Velin Alaykov (Велин Алайков) was a Bulgarian revolutionary, a worker of the Internal Macedonian-Adrianople Revolutionary Organization (IMARO) and the Internal Macedonian Revolutionary Organization (IMRO).

==Biography==
Alaykov was born in 1882 in the village of Bogoslov, Kyustendil district. He studied in his village and then in the smithery school in Samokov, where he participated in the secret revolutionary section “Trayko Kitanchev”, under the supervision of Nikola Dechev. Before he finished his schooling, in 1900 Alaykov entered the revolutionary band of Argir Manasiev operating in the area of Gevgelija. During 1902 Alaykov was a freedom fighter in the area of Kratovo with the revolutionary band of Dime Berbercheto, and in the period 1904-1905 he operated in Kochansko with the revolutionary band of Krastyo Balgariyata.

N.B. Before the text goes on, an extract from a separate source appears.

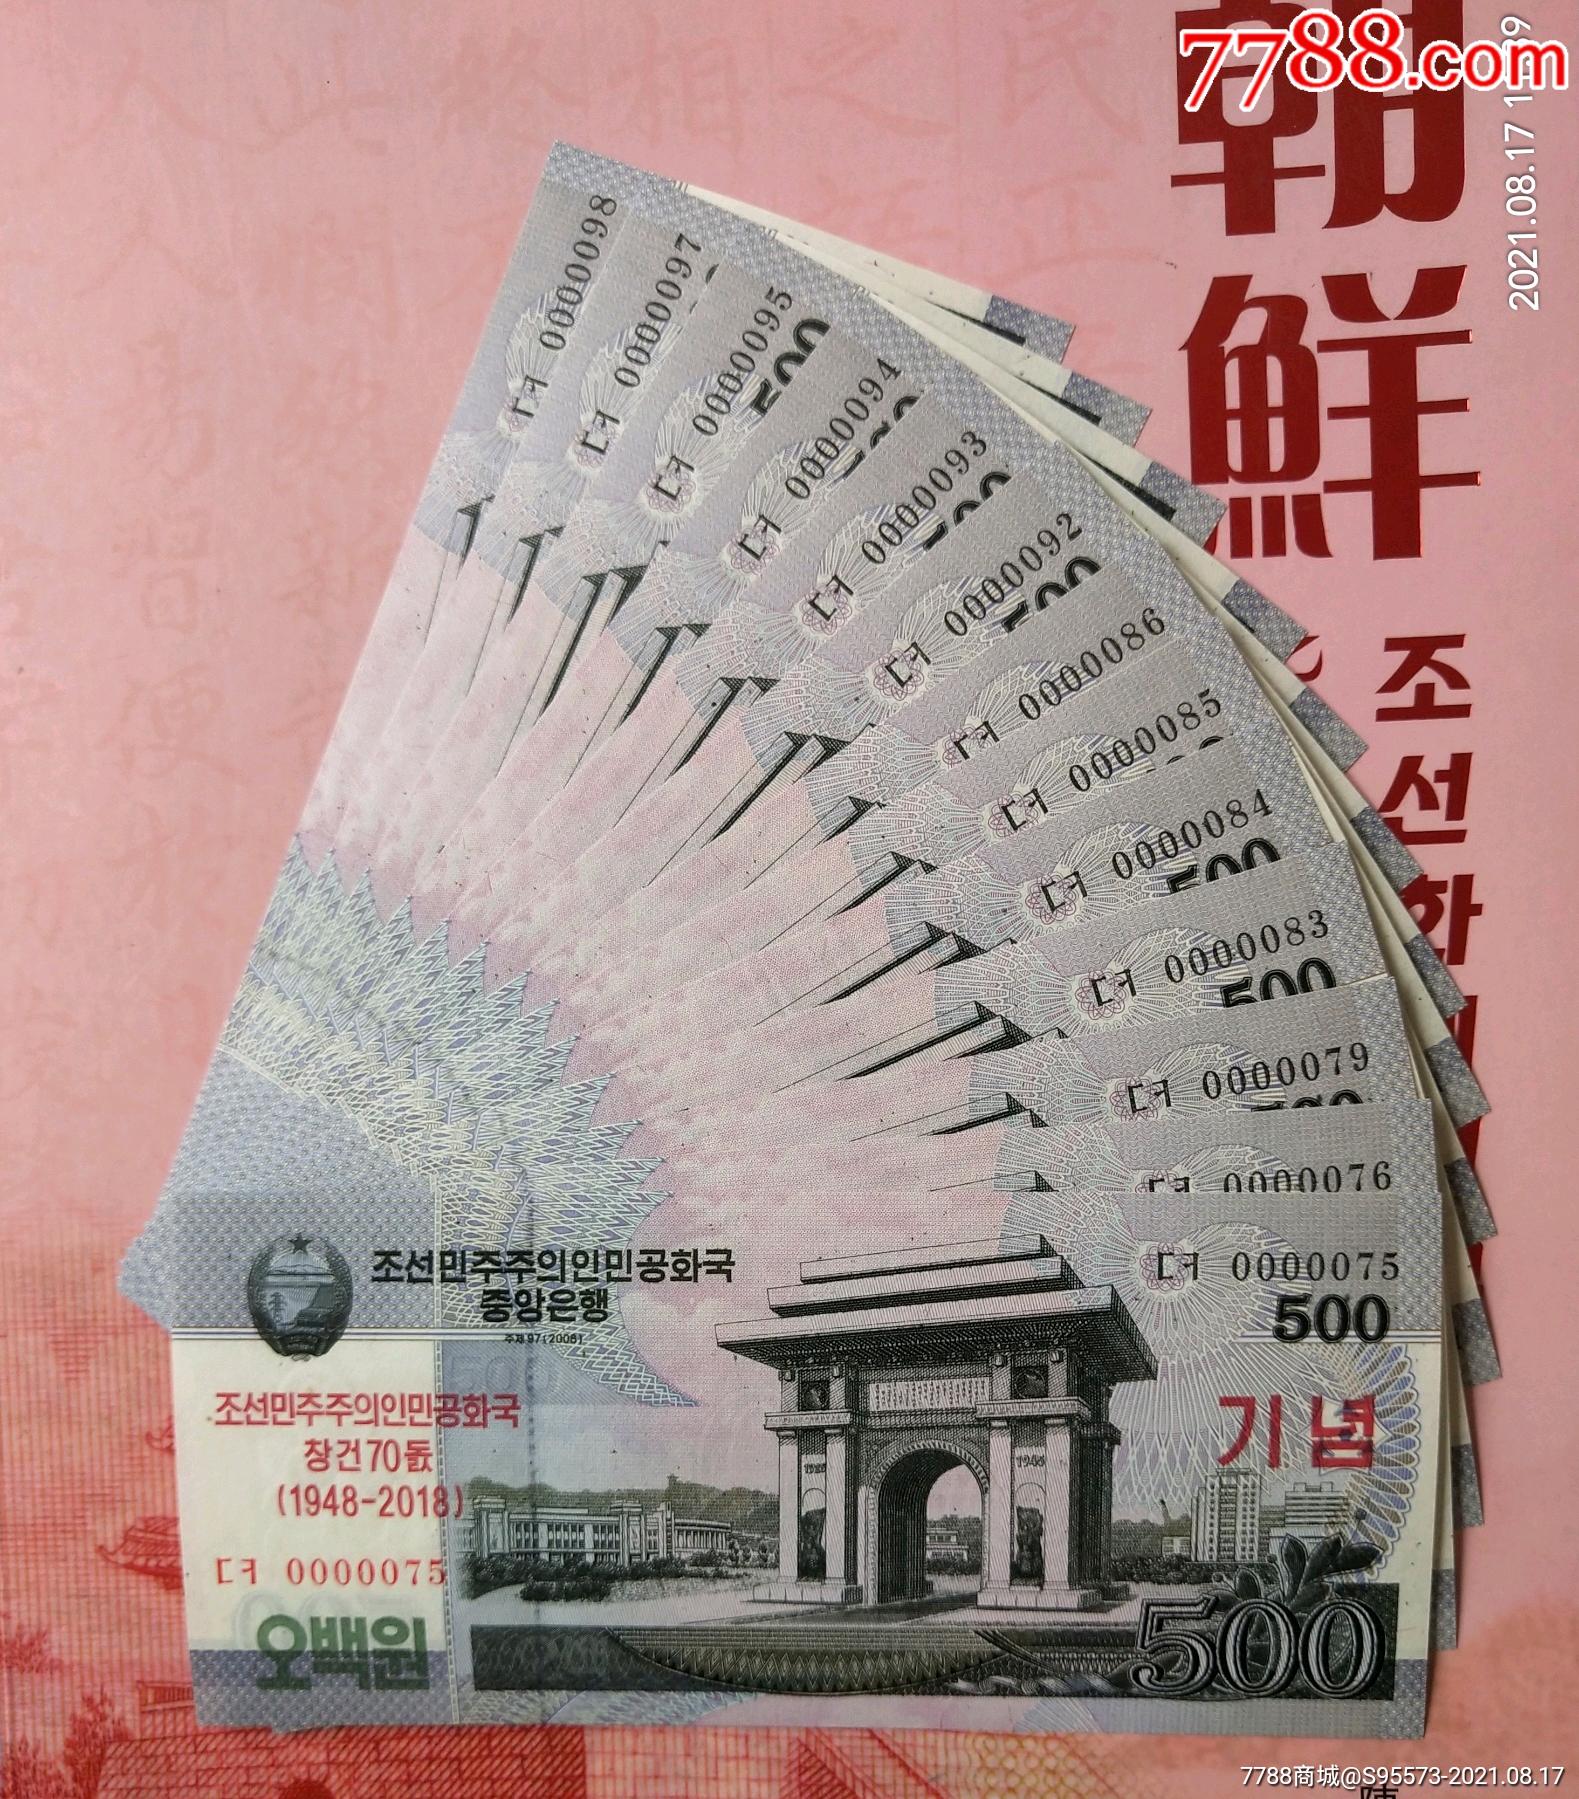 朝鲜纪念钞2018年500元,全新十位数小号码,15元一张任选

At the end of 1906 Alaykov returned in Bulgaria and enrolled the Bulgarian army. He finished the Military school in Sofia and was promoted to senior sergeant. He participated in the wars for Bulgarian national unification during the period 1912-1918 and was rewarded two medals for bravery “Za hrabrost”. After the First World War he settled in Kyustendil when he took part in the activity of IMRO, that was reorganized by Todor Aleksandrov, and became a local chief of the organization in Kyustendil. He was responsible for the supply of weapons and logistics for the revolutionary bands on their way to Vardar Macedonia.

In 1920 Alaykov was chosen president of the Union of Reserve Sergeants in Kyustendil. He participated in the negotiations between the IMRO and the hostile government of Aleksandar Stamboliyski, but during the negotiations he was killed by a member of the federalist organization Grigor Tsiklev. As a result of this murder, IMRO conducted what is known as the Kyustendil action.